● **WHAT YOU NEED TO DO**:
Reproduce the material below only from the line with "Photo: Gallery Dept." to the line with "Tuesday is Dunkin'", both included, keeping each line exact and dropping the pictures.

● **SOURCE DATA**:

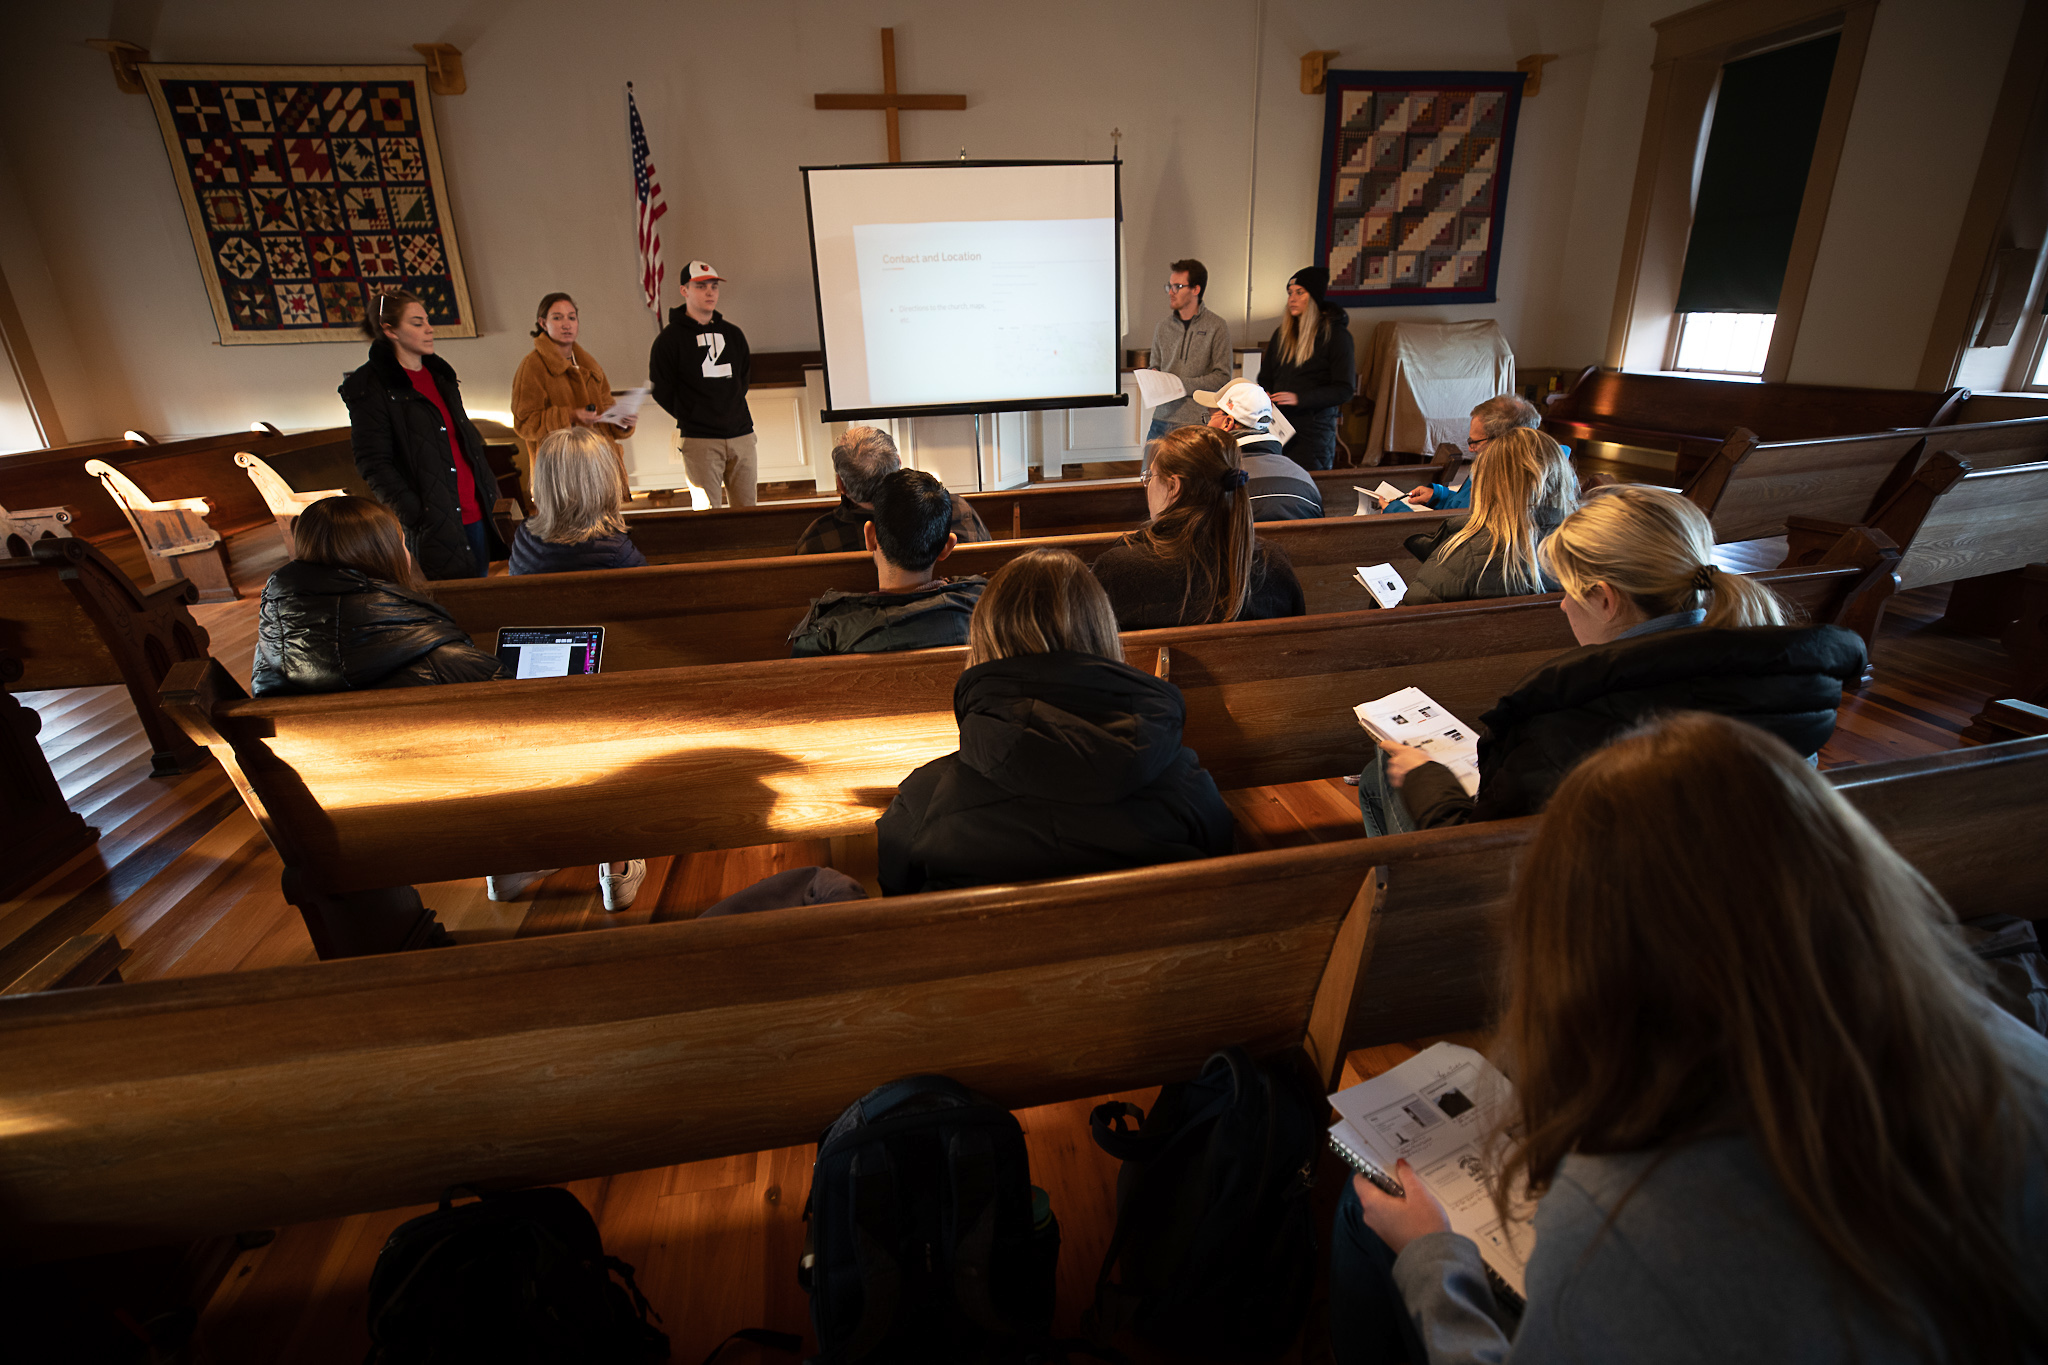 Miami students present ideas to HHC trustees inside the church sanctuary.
* * *
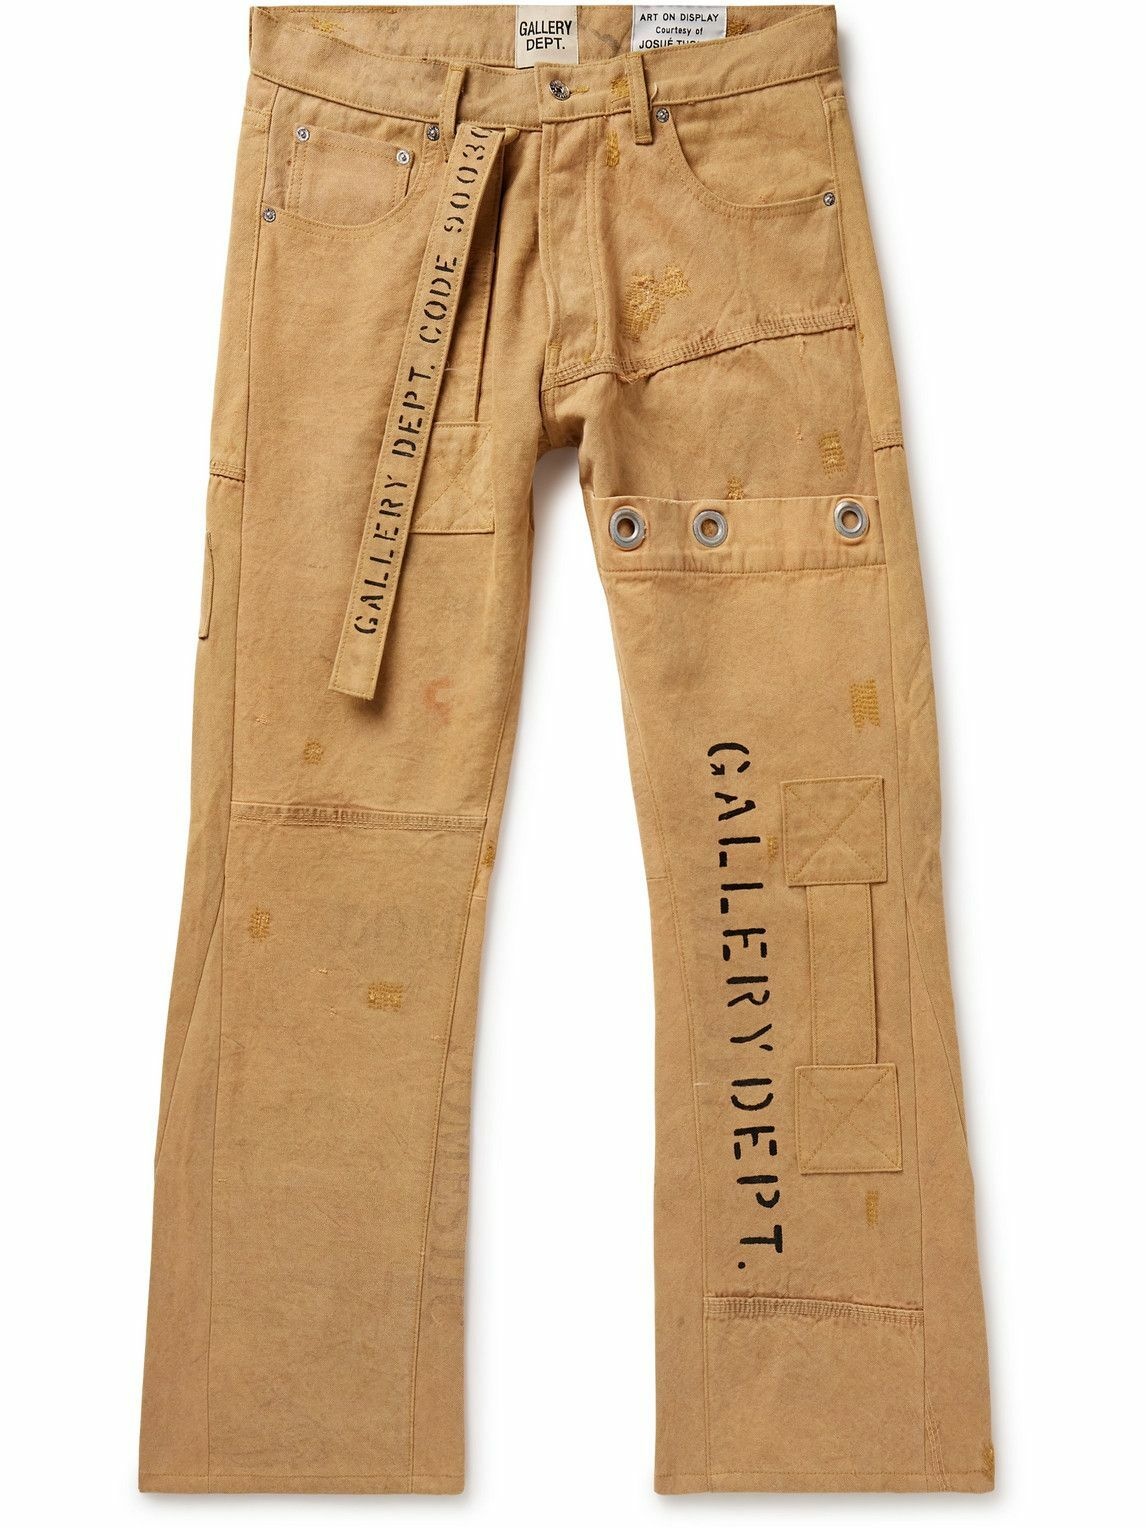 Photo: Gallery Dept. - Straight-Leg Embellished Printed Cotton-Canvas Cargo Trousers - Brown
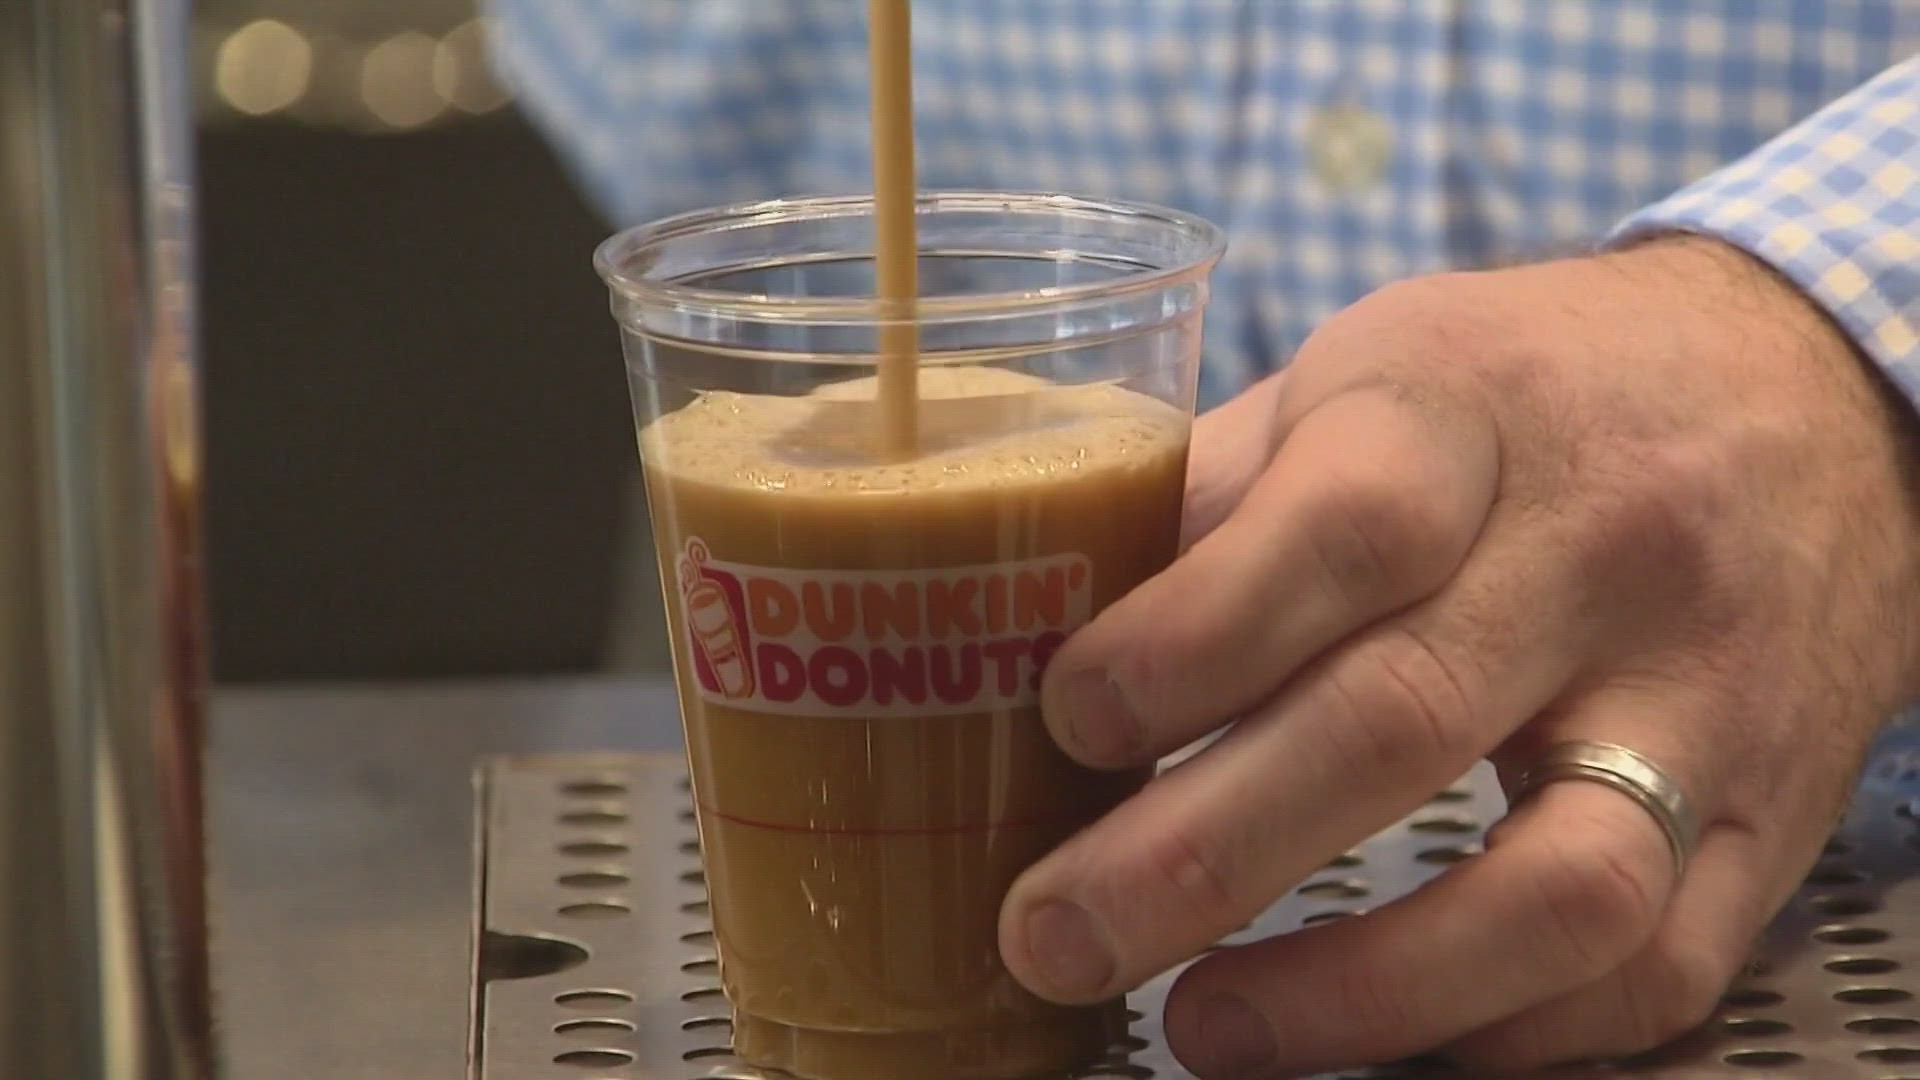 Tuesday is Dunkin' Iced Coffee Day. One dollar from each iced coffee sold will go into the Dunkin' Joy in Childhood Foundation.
* * *
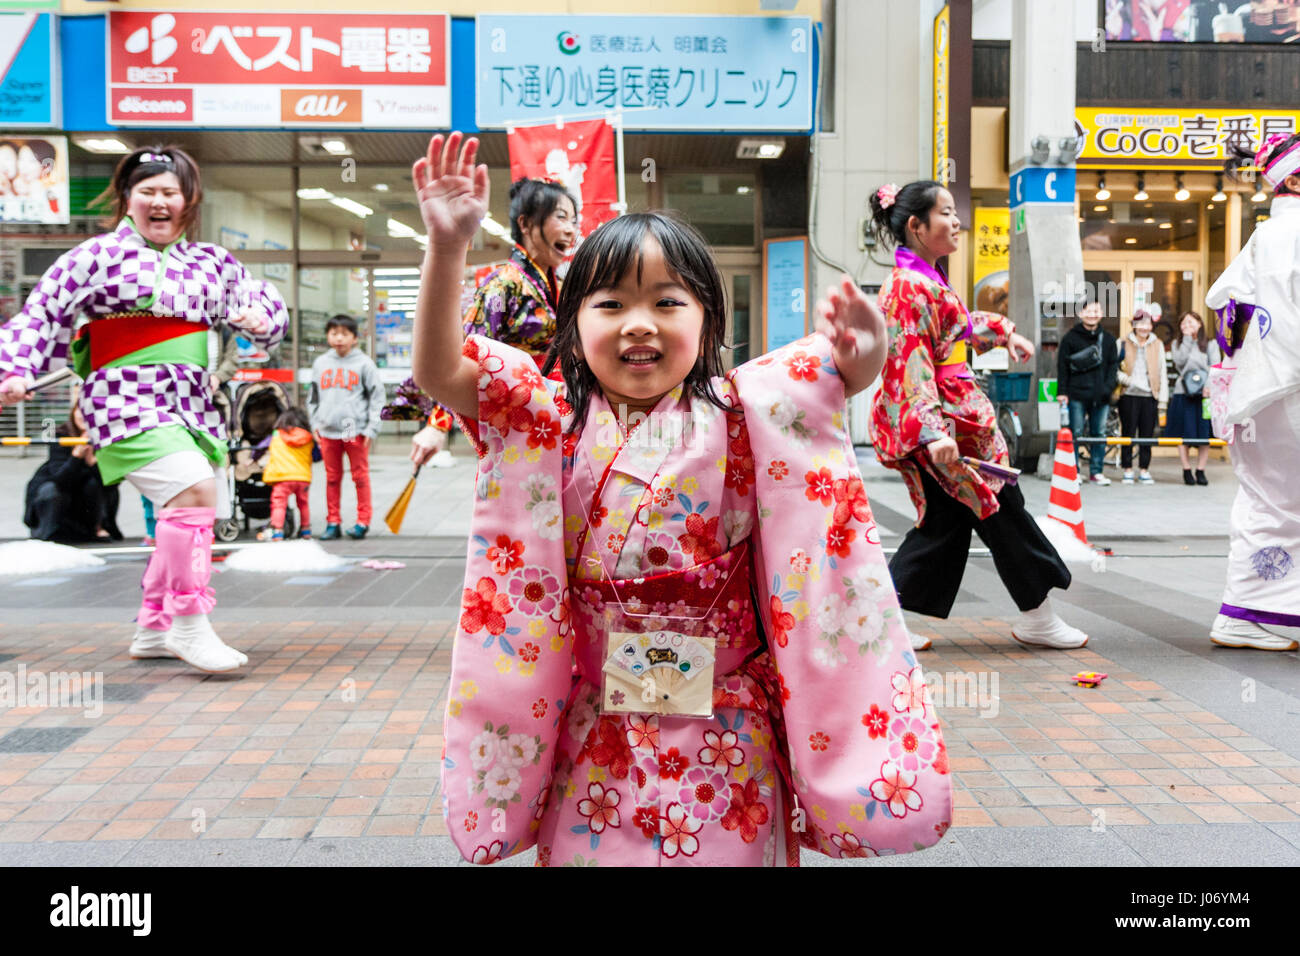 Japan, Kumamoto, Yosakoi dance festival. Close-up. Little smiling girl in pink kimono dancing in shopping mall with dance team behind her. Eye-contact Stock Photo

● **FINAL ANSWER**:
 Photo: Gallery Dept. - Straight-Leg Embellished Printed Cotton-Canvas Cargo Trousers - Brown
 Tuesday is Dunkin' Iced Coffee Day. One dollar from each iced coffee sold will go into the Dunkin' Joy in Childhood Foundation.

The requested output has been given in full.